Edited 2 times. Last edit by Tucson K Bagley on 28th July 2013 2:46am
@ Moville Not necessarily. A well optimized PC game like say Skyrim can run 1080p @ 60fps on a 1GB GPU. Heck that game can run near console and level on an ultrabook. It all depends on the developer. Also with new consoles basically being PCs optimization should be even easier than before. People should get more multiplat performance out of their GPUs this generation than any before it.
Edited 1 times. Last edit by Nicholas Pantazis on 28th July 2013 11:48pm
"Vblank Entertainment's PS4 developer head Brian Provinciano has told the media that the report froM Digital Foundry about PS4 only has 3.5GB of memory available for games, is "absolutely false". While not going into details, he mentioned that games can access a combination of both "Direct Memory" and "Flexible Memory", which makes up the 8GB RAM in the system. There are games in development that uses 6GB of RAM."
Nevertheless with 16GB becoming standard, simply due to the low price, future games designed for the PC will have to be dumbed down considerably for inclusion in future consoles, Console games have alas been holding back PC's for years by keeping most of them to puny console ports, be nice when some dev's show to the full potential or at least some of it given the lack of years of optimisations of people's PC's for once, the new shared architecture will have positive effect on PC games, its clear by now PC's aren't going anywhere, and the fact that the entire industry has been focused on Consoles and now Tablets (like many people actually play games on tablets and mobiles.... they might buy a couple, but the only time I've ever found the need to play them was either a on an plane with nothing better to do, or b outside a dentists office with nothing better to do, controls are terrible, gameplay restrictive as a result, not tbh very fun, kids and casuals might continue to buy mobile games, but not all gamers like mobile gaming, and the lousy experience you get doing it, anyone who likes even a shred of immersion will avoid them )but never on PC games seems daft to say the least, their justification for this is one excuse about how PC is dying and not mainstream after the other, yet the most successful games of all time have appeared on PC, and game controllers whilst fine for many times of game play are still not nearly as precise as mouse and keyboard control. which restricts many games. and PC audience > consoles, make games beautiful enough and they'll happily upgrade their pc's to run this new class of games.

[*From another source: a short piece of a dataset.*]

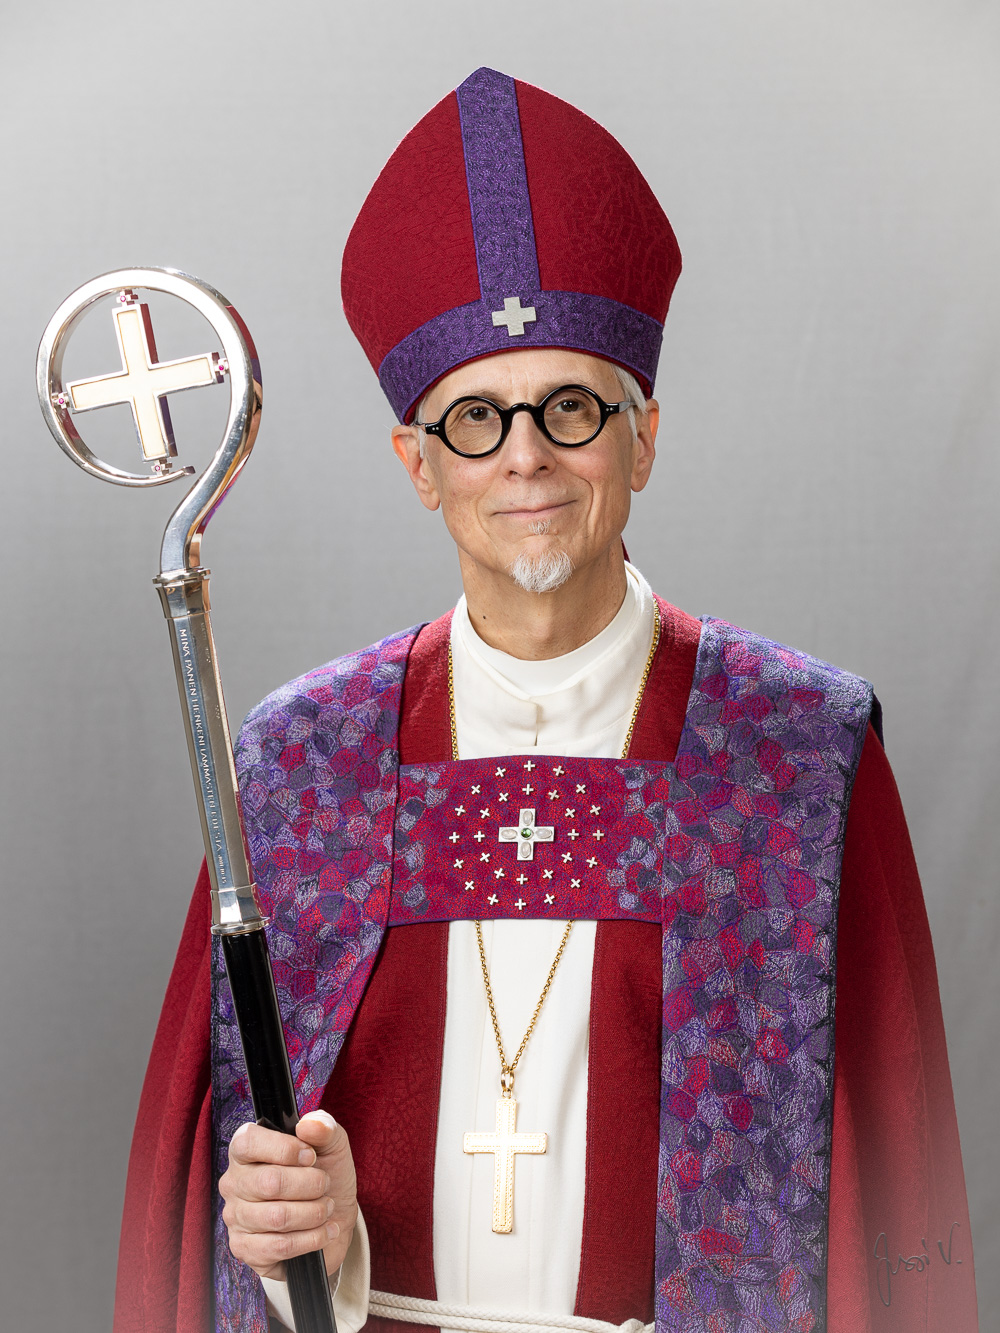 Piispa Matti Repo piispan hiippa päässä ja piispan sauva kädessään.

That's not to say consoles don't have their uses or games that suit them fine, its just there is and should be space for both in the industry, and publishers have put their thumbs in their ears and hummed away to the tune that only console games matter for so long that when the thumbs finally come out, it may be to late to adjust to a more balanced approach, and the increased profits that will come with it, before new companies or methodologies beat them to it, alas some have now added tablets to the humming tune, reality is no single platform holds the key to success, its dipping into them all in their strengths that should matter, its the fault of publishers and dev's that when as the valve hardware survey shows, the majority of gamers have 64 bit os and dx11, yet the majority of PC games cater only to 32 bit ones with dx11 if present as an afterthought as best, that shows publishers and developers are wildly out of touch with the market, maximum profits rarely come from being so out of touch with your audience. PC gamers have been seeking games that fully utilize their pcs for years but have yet to see any, even crysis 3 itself was ram limited.
Still from the comments the accuracy of this seemt to be in question, 3.5GB for a console os does seem a little extreme given the step up from what they previously had to deal with, I doubt they'd go to all the trouble of going to 8GB ram then hobble their new platform quite so badly as to make only 4.5GB available for most games of the bat, sure console developers will run into a RAM wall within a few years, but not quite that early me thinks.